When OpenVPN sidecar does not manage resolv.conf, but spec.dnsConfig is provided
Remove the following lines from the OpenVPN client configuration:
script-security 2
up /etc/openvpn/up.sh
down /etc/openvpn/down.sh
The spec.dnsConfig is provided as:
dnsConfig:
nameservers:
- 192.168.255.1
searches:
- cluster.remote
Then, resolv.conf will be the following:
nameserver 192.168.255.1
nameserver 169.254.25.10
search default.cluster.local svc.cluster.local cluster.local cluster.remote
options ndots:5
This would work for *.cluster.remote, but not for anything *.cluster.local, because the second nameserver is tried as long as the first times out. I noticed that some folk would get around this limitation by setting up namespace rotation and timeout for 1 second, but this behavior looks very hectic to me, I would not consider this, not even as a workaround. Or maybe I'm missing something. My first question would be: Could rotation and timeout work in this case?
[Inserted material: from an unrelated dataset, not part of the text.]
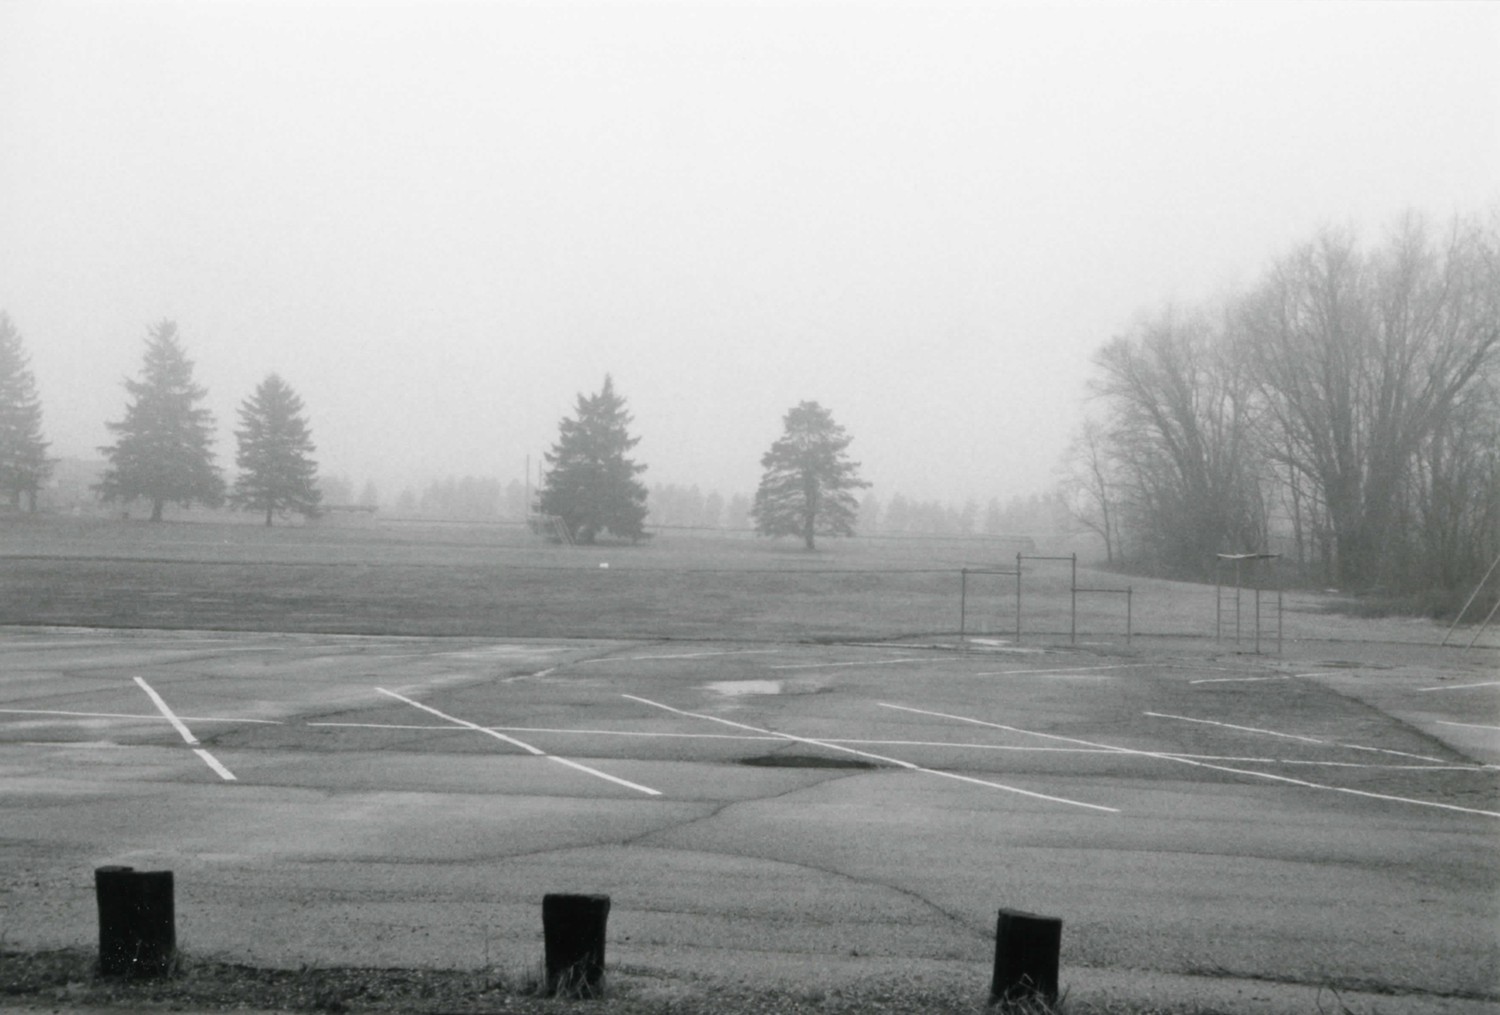 Springfield Township School, Ontario Ohio Rear setting (2002)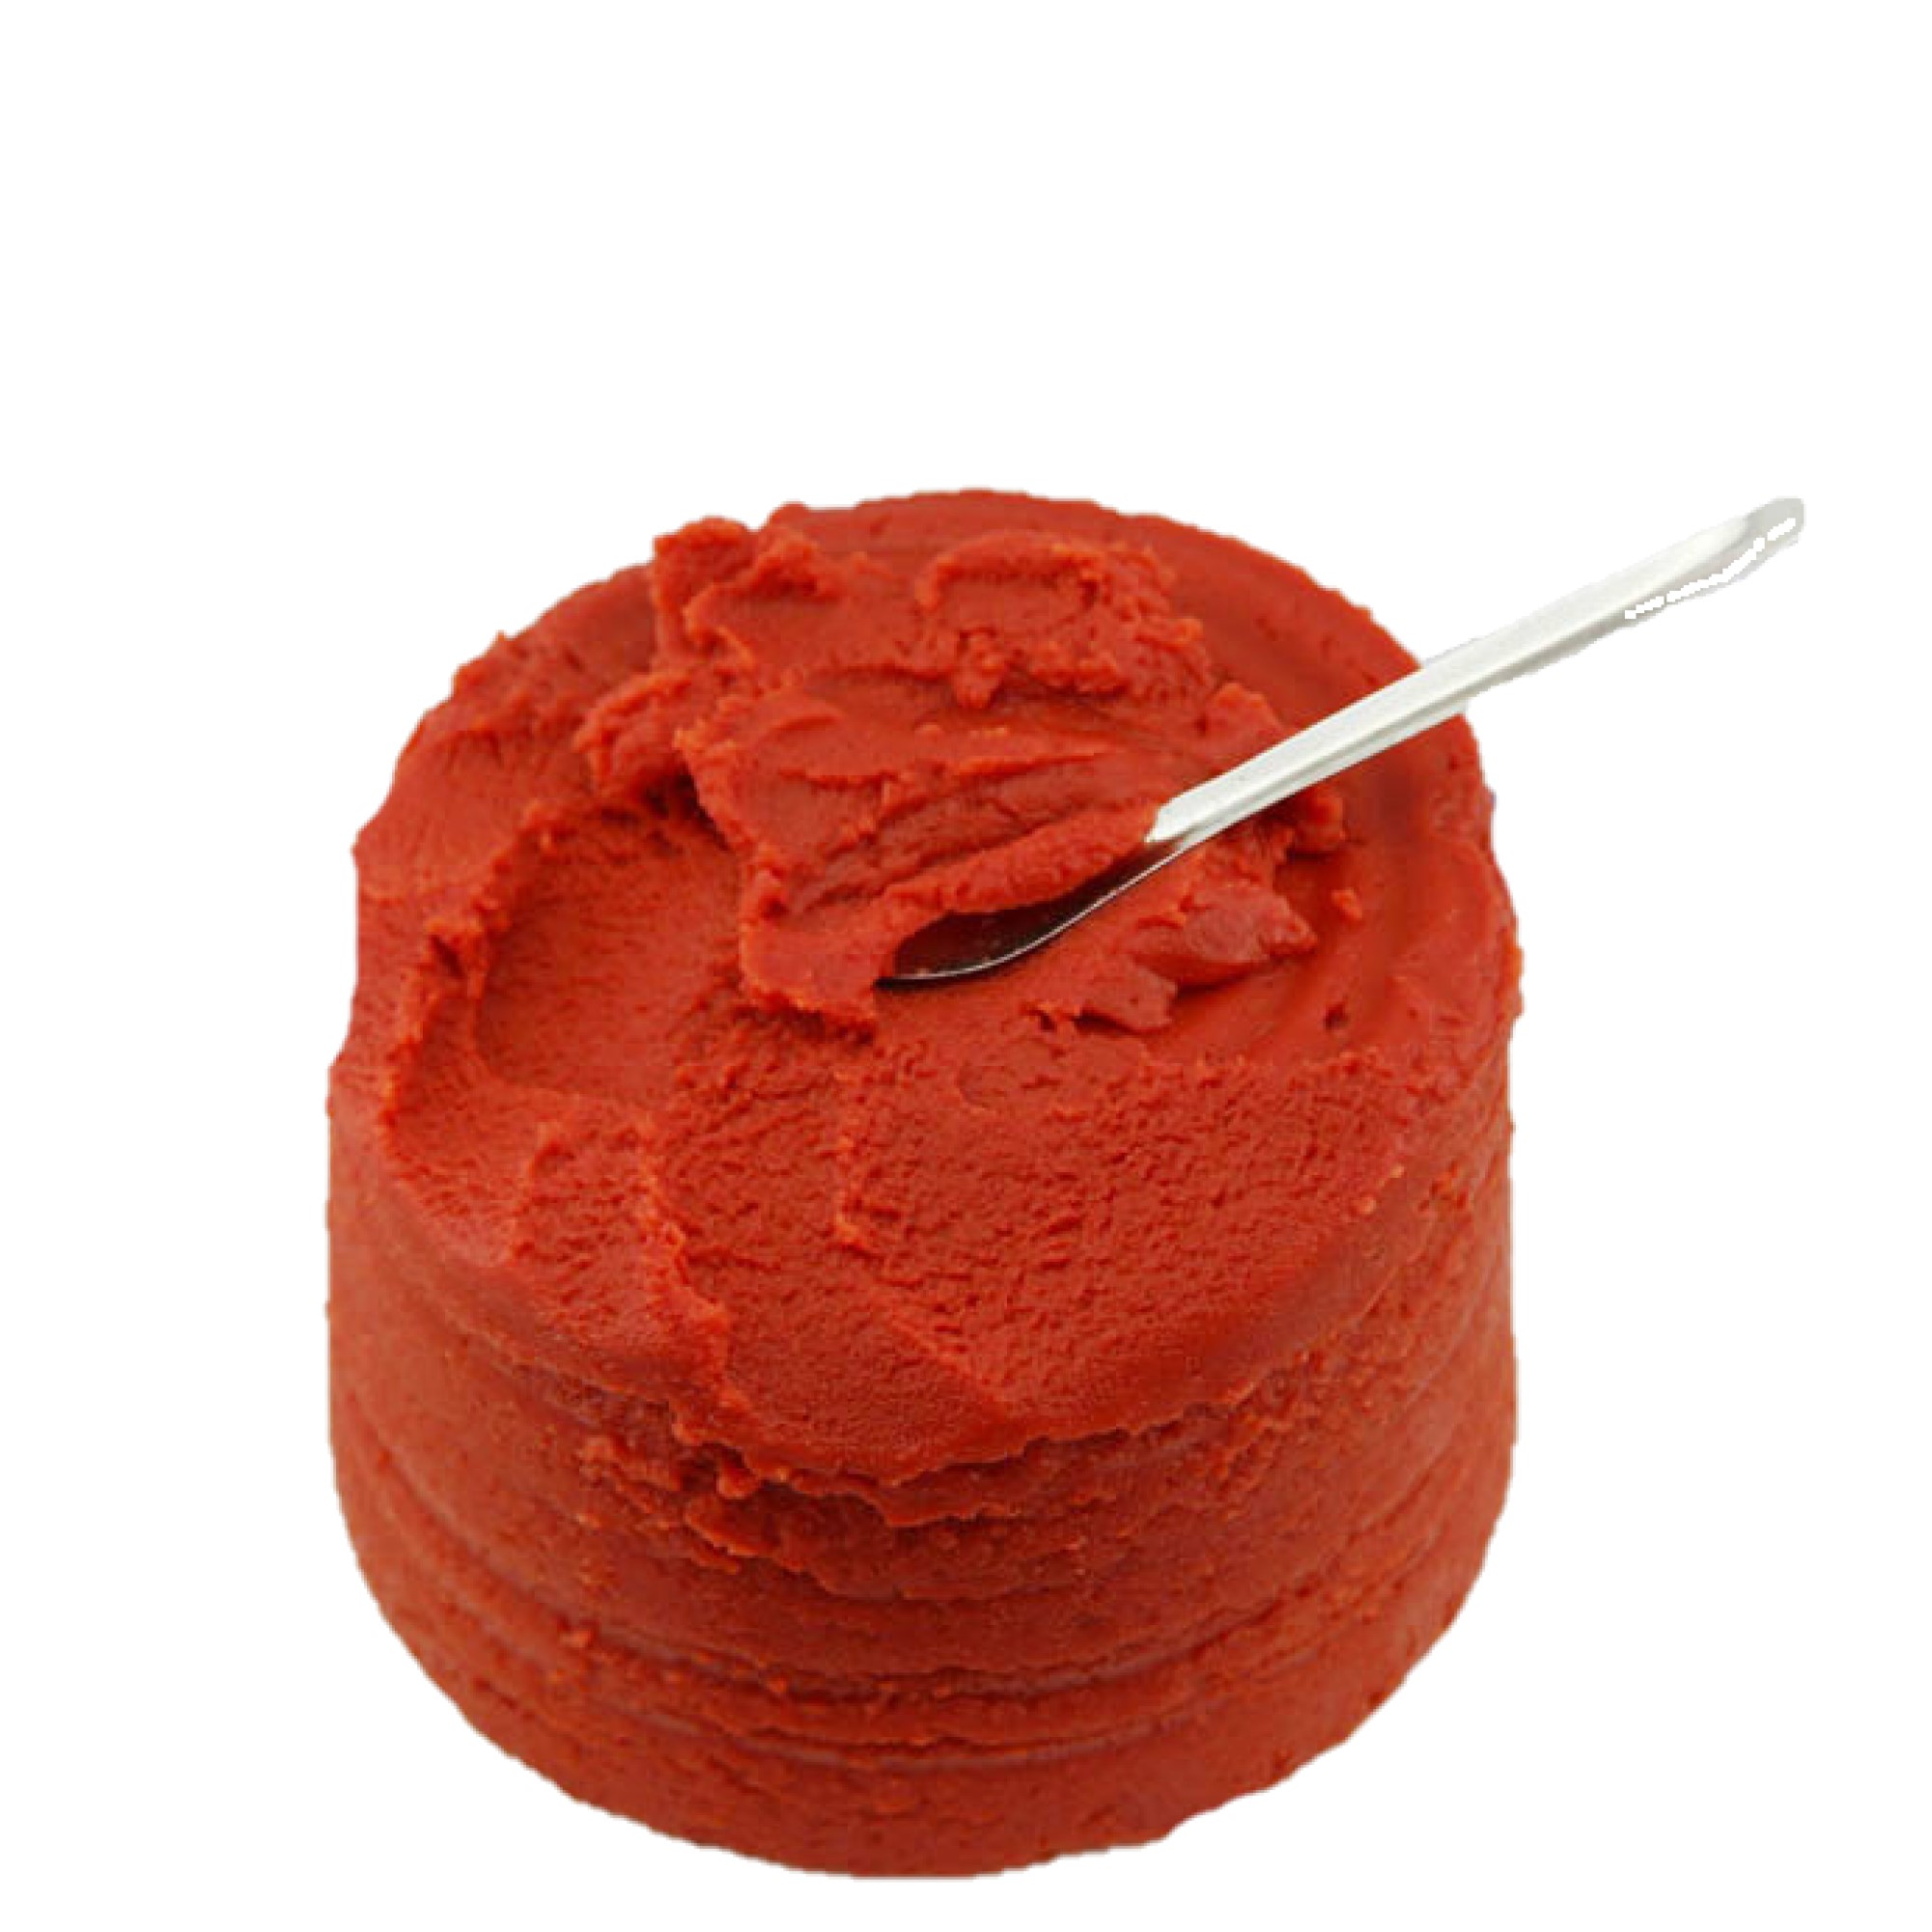 pasta de tomate em lata 2200g 28-30% brix marca GINNY

My second question would be: is there any way to make *.cluster.local and *.cluster.remote DNS resolves work reliably from the service container inside the Pod and without using something like dnsmasq?
My third question would be: if dnsmasq is required, how can I configure it, provided, and overwrite resolv.conf by also making sure that the Kubernetes-provided nameserver can be anything (169.254.25.10 in this case).
Best, Zoltán